Saraswati, in the meantime, rushes to get a doctor. On returning she is told that if she wants Raju alive she will have to sign the property transfer papers. Saraswati agrees immediately. However, Lakshmi Devi forbids Saraswati from signing it and apologizes to her. A fight ensues between Lakshmi Devi and Ramesh. Totaram and Mynavati also joins with Ramesh. Ultimately, it required Raju himself to come forward to save Lakshmi Devi from being killed by Ramesh.

Eventually Raju recovers and hands over the signed property papers to Prem. He bids good-bye to his father, Pandu and Champa. He boards the vehicle with Saraswati to leave his home for good, when Lakshmi Devi begs him not to leave. To prove her remorse she rips up the papers and tells him that all she wants is nothing more than "her son". The family is happily reconciled.

==Cast==
- Anil Kapoor as Rajnath "Raju"
- Madhuri Dixit as Saraswati "Saru"
- Aruna Irani as Laxmi
- Laxmikant Berde as Pandu Dhondu Bikajirao
- Anupam Kher as Totaram
- Priya Arun as Champa
- Akash Khurana as Premnath
- Kunickaa Sadanand as Kunika
- Adi Irani as Ramesh
- Bharati Achrekar as Mainavati
- Rajeev Mehta as Groom
- Jack Gaud as Namdev
- Harjeet Walia as the officer who came to arrest Ramesh

==Soundtrack==

The soundtrack of Beta was the second-best selling album of the year.
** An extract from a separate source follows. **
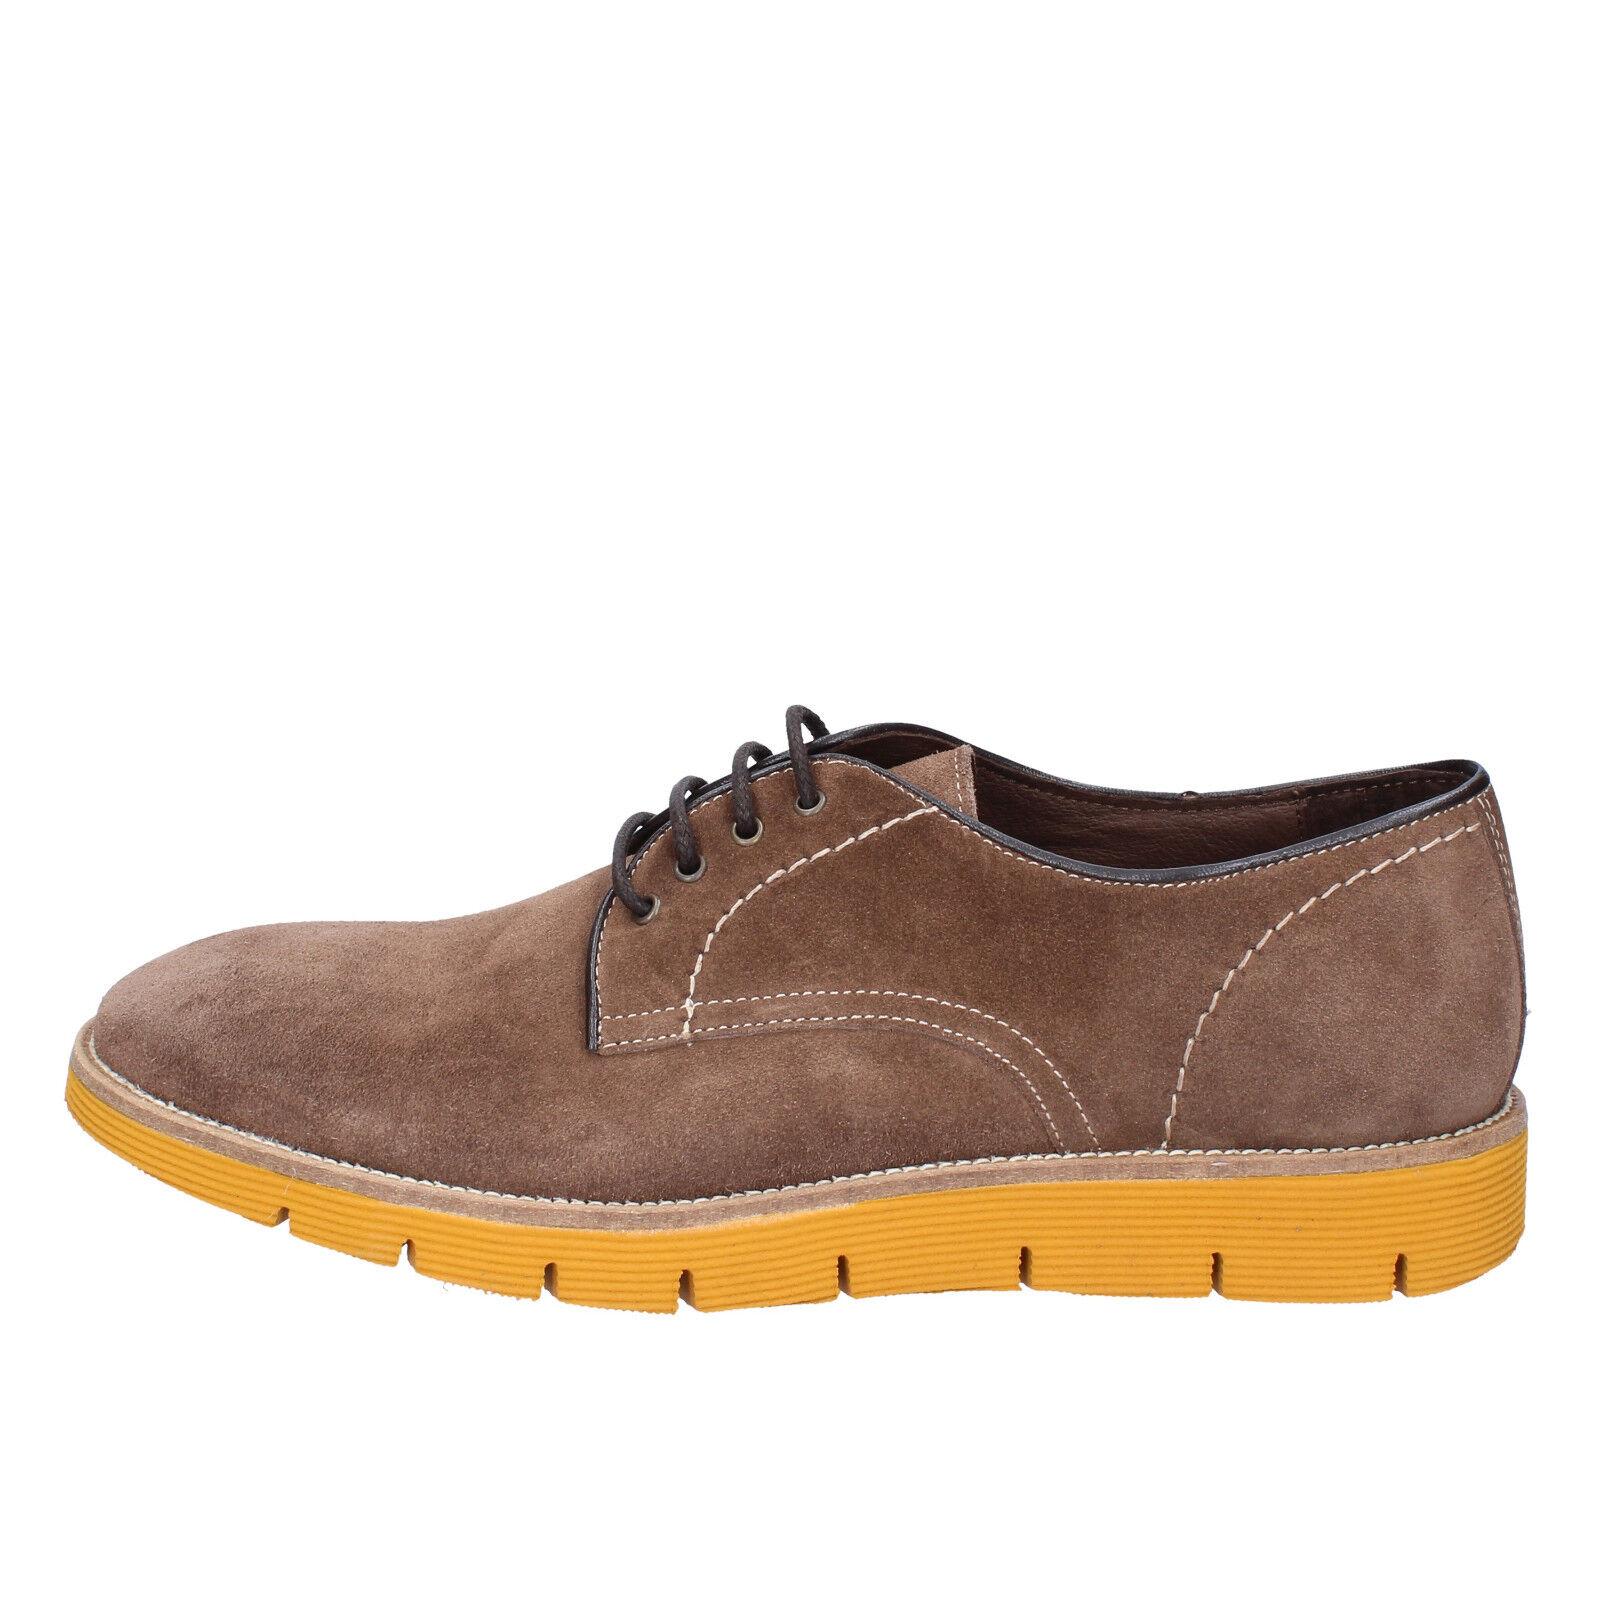 Mens shoes EVC 8 (EU 42) elegant suede brown AD746-B
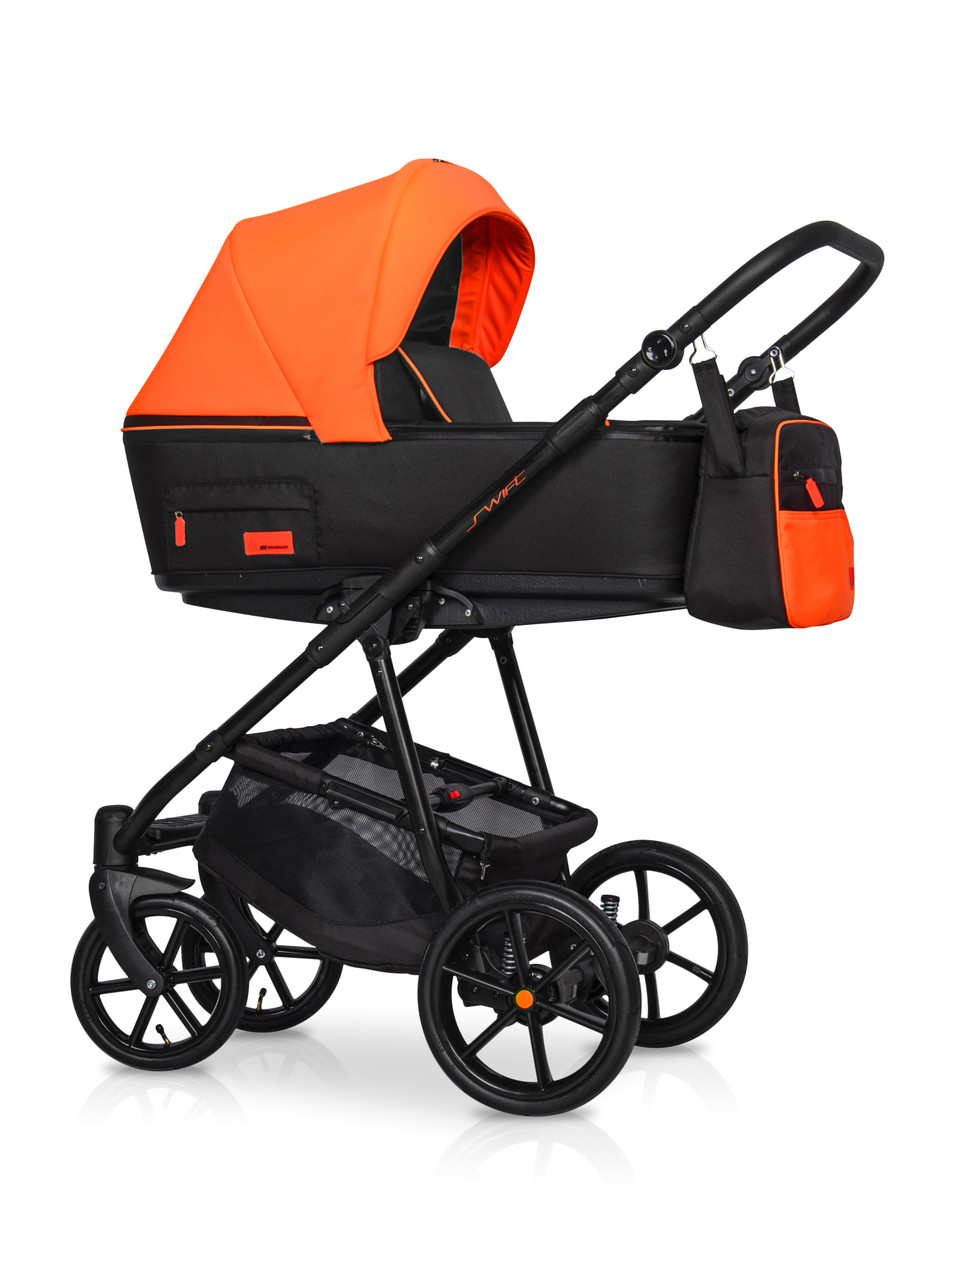 Дитяча універсальна коляска 2 в 1 Riko Swift Neon 24 Party Orange

Anand–Milind were nominated for the Filmfare Award for Best Music Director, but lost out to Nadeem-Shravan for Deewana. Music directors Dilip Sen–Sameer Sen, Amar-Utpal and Naresh Sharma's compositions are included in the album but not in the film, nor are they credited in the film titles. Anuradha Paudwal won her third consecutive Filmfare Award for Best Female Playback Singer for the song Dhak Dhak Karne Laga based on Telugu song "Abbanee Teeyani" from Jagadeka Veerudu Athiloka Sundari, composed by Ilayaraja.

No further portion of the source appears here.